This has answer in other languages/platforms however i could not look for a robust solution in
C#. Here I am searching for negligence URL which we use within
WHOIS so I am not thinking about sub-domain names, port, schema, etc.
Example 1: http://s1.website.co.united kingdom/folder/querystring?key=value => website.co.united kingdom Example 2: ftp://username:email@example.com => website.com
The end result ought to be the same once the owner in whois is identical so sub1.abc.com and sub2.abc.com both fit in with that has the abc.com which I am have to extract from the URL.
I desired exactly the same, and so i authored a category that you could copy to your solution. It utilizes a hard coded string variety of tld's. http://pastebin.com/raw.php?i=VY3DCNhp
Console.WriteLine(GetDomain.GetDomainFromUrl("http://world wide web.beta.microsoft.com/path/page.htm"))

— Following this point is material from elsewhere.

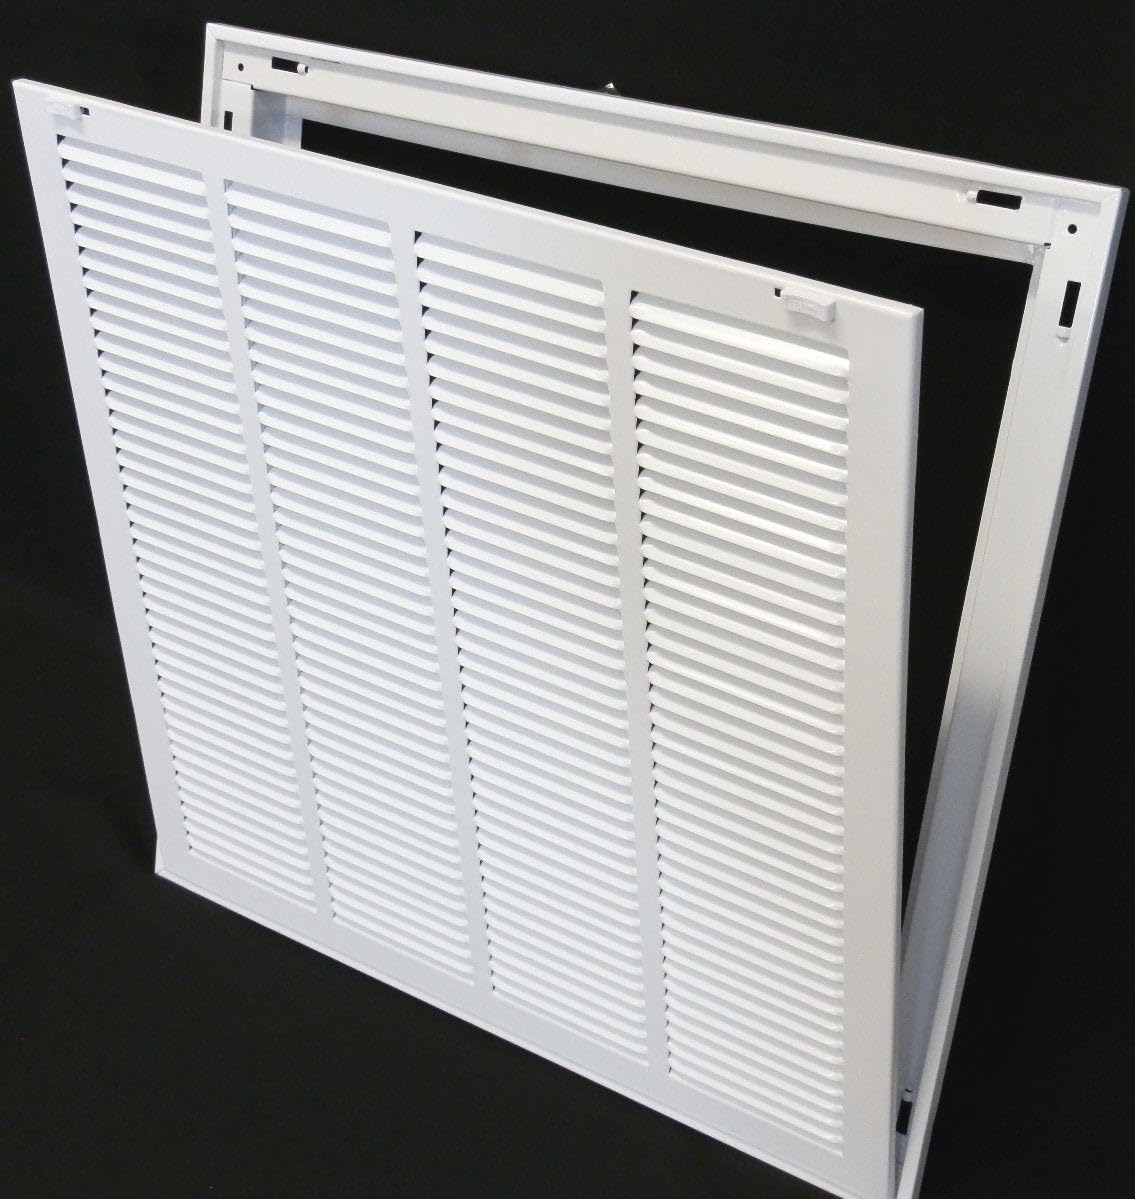 24&quot; X 24&quot; Steel Return Air Filter Grille for 1&quot; Filter - Removable Frame - * Filter Included * [Outer Dimensions: 26 5/8&quot; X 26 5/8&quot;]

Console.WriteLine(GetDomain.GetDomainFromUrl("http://world wide web.beta.microsoft.co.united kingdom/path/page.htm"))
As @Pete noted, this can be a tiny bit complicated, but I'll try it out.
Observe that this application must have a complete listing of known TLD's. It may be retrieved from http://publicsuffix.org/. Left removing their email list out of this site being an exercise for that readers.

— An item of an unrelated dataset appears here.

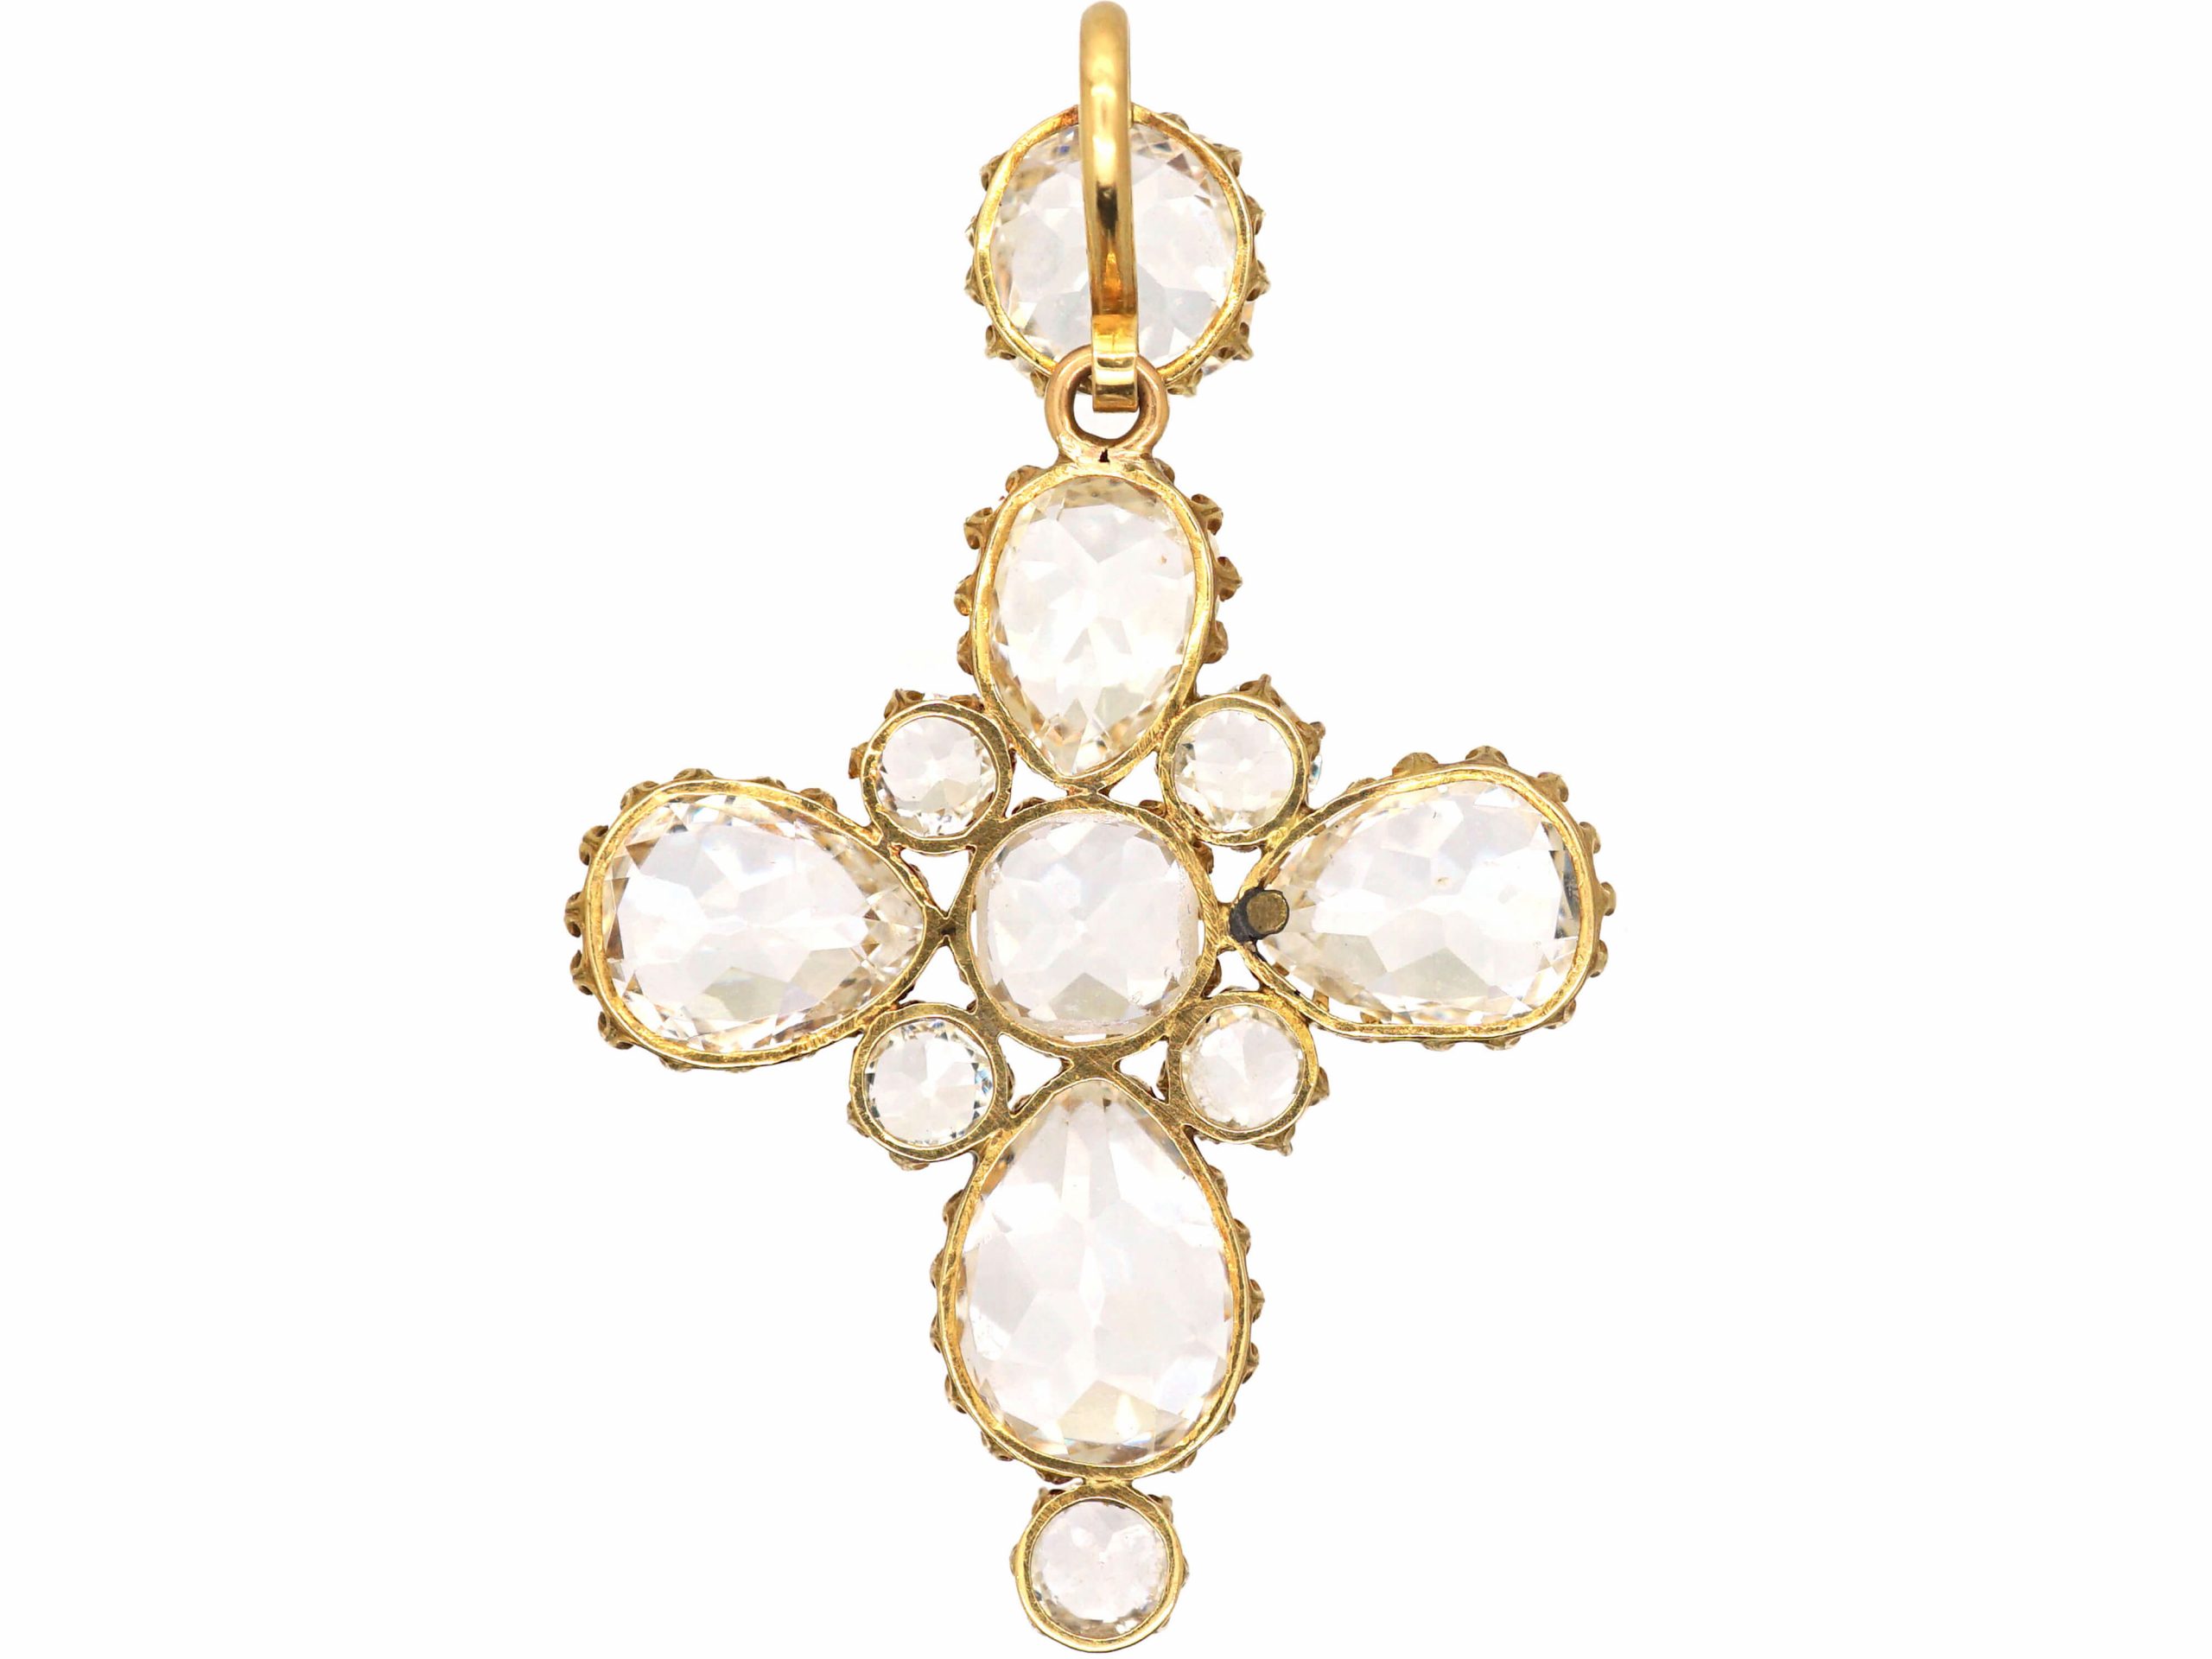 Early Victorian 18ct Gold & Rock Crystal Cross (199U) | The Antique ...

class Program Primary(string args) world wide web.domain.com.ac", "world wide web.domain.ac", "domain.com.ac", "domain.ac", "localdomain", "localdomain.local" foreach (string testCase in testCases) => ", testCase, UriHelper.GetDomainFromUri(new Uri("http://" + testCase + "/"))) /* Produces the next results: world wide web.domain.com.ac => domain.com.ac world wide web.domain.ac => domain.ac domain.com.ac => domain.com.ac domain.ac => domain.ac localdomain => localdomain localdomain.local => localdomain.local */ public static class UriHelper internet.ac", "mil.ac", "org.ac", "ac" // Complete this list from http://publicsuffix.org/. public static string GetDomainFromUri(Uri uri) public static string GetDomainFromHostName(string hostName) private static int FindMatchingParts(string hostNameParts, int offset) Consists of(domain.ToLowerInvariant())) return (hostNameParts.Length - offset) + 1 return FindMatchingParts(hostNameParts, offset + 1) private static string GetPartOfHostName(string hostNameParts, int offset) string domain = sb.ToString() return domain
The nearest you have access to may be the System.Uri.Host property, which may extract the sub1.abc.com portion. Regrettably, it's difficult to be aware what exactly may be the "toplevel" area of the host (e.g. sub1.foo.co.united kingdom versus sub1.abc.com)
if you want to domain title you'll be able to use URi.hostadress insinternet
if you want the url from content you will want to parse them using regex.